Ziet u een fout in deze regeling? Meld het ons op regelgeving@overheid.nl!
Zuidplas

Verordening Voorschoolse Educatie en Peuteropvang 2023

Wetstechnische informatie

Gegevens van de regeling
OrganisatieZuidplas
OrganisatietypeGemeente
Officiële naam regelingVerordening Voorschoolse Educatie en Peuteropvang 2023
CiteertitelVerordening Voorschoolse Educatie en Peuteropvang 2023 Zuidplas
Vastgesteld doorgemeenteraad
Onderwerpmaatschappelijke zorg en welzijn
Eigen onderwerp

Opmerkingen met betrekking tot de regeling

Deze regeling vervangt de Verordening voorschoolse educatie en peuteropvang 2020 Zuidplas.

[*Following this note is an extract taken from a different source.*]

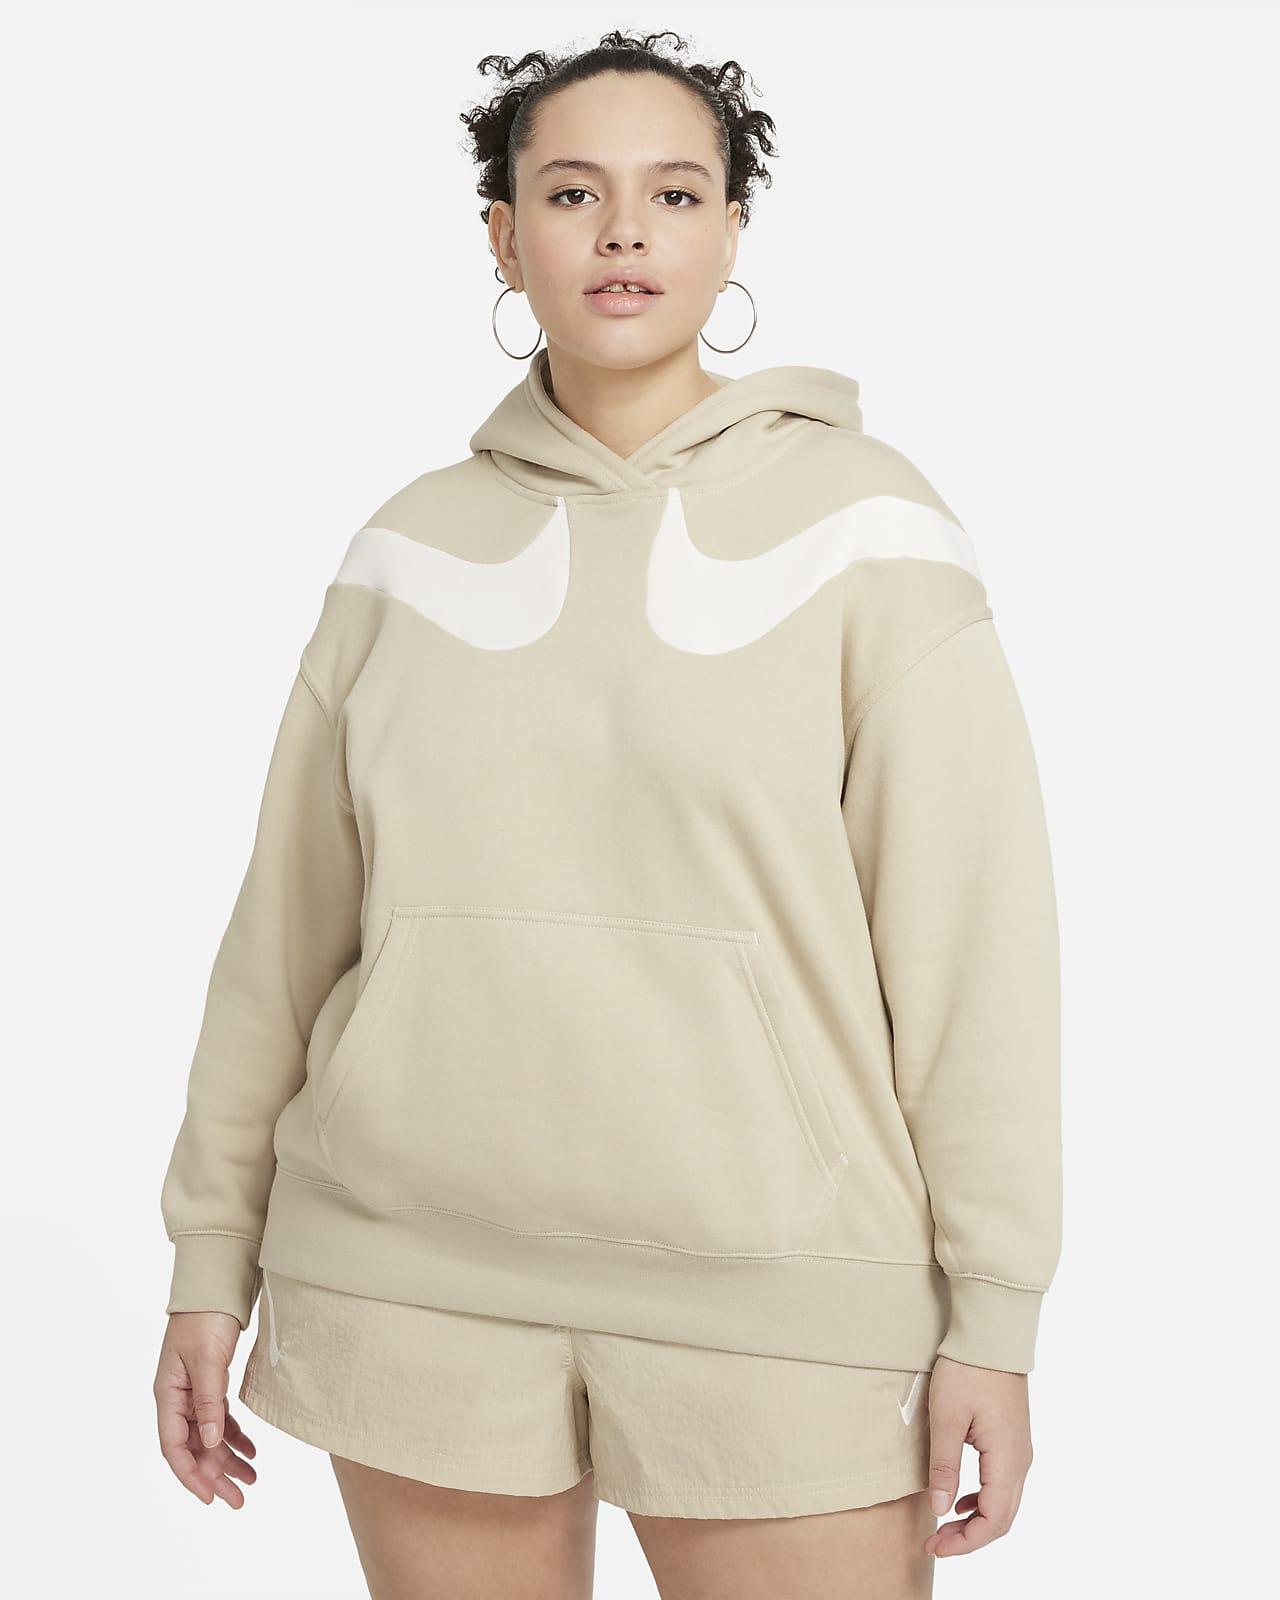 Sudadera con gorro de tejido Fleece oversized para mujer talla grande Nike Sportswear Swoosh

Wettelijke grondslag(en) of bevoegdheid waarop de regeling is gebaseerd

  1. Wet kinderopvang
  2. Wet op het primair onderwijs
  3. Wet harmonisatie kinderopvang en peuterspeelzaalwerk
  4. Besluit basisvoorwaarden kwaliteit voorschoolse educatie
Overzicht van in de tekst verwerkte wijzigingen

Datum inwerkingtreding

Terugwerkende kracht tot en met

Datum uitwerkingtreding

Betreft

Datum ondertekening

Bron bekendmaking

Kenmerk voorstel

06-12-202301-01-2023nieuwe regeling

25-10-2023

gmb-2023-513129

A23.001074

Tekst van de regeling

Intitulé

Verordening Voorschoolse Educatie en Peuteropvang 2023

De raad van gemeente Zuidplas;

 

gelezen het voorstel van burgemeester en wethouders van 22 augustus 2023;

 

gelet op de Wet kinderopvang, de Wet primair onderwijs, de Wet harmonisatie kinderopvang en peuterspeelzaalwerk en het Besluit basisvoorwaarden kwaliteit voorschoolse educatie,

 

overwegende dat het doel van deze regeling is het bieden van een kwalitatief hoogwaardig aanbod van peuteropvang en voorschoolse educatie in de gemeente Zuidplas door subsidiëring zodat er gelijke ontwikkelkansen voor alle kinderen in de leeftijd van 2 tot 4 jaar in de gemeente zijn,

 

besluit:

 

de Verordening Voorschoolse Educatie en Peuteropvang 2023 vast te stellen.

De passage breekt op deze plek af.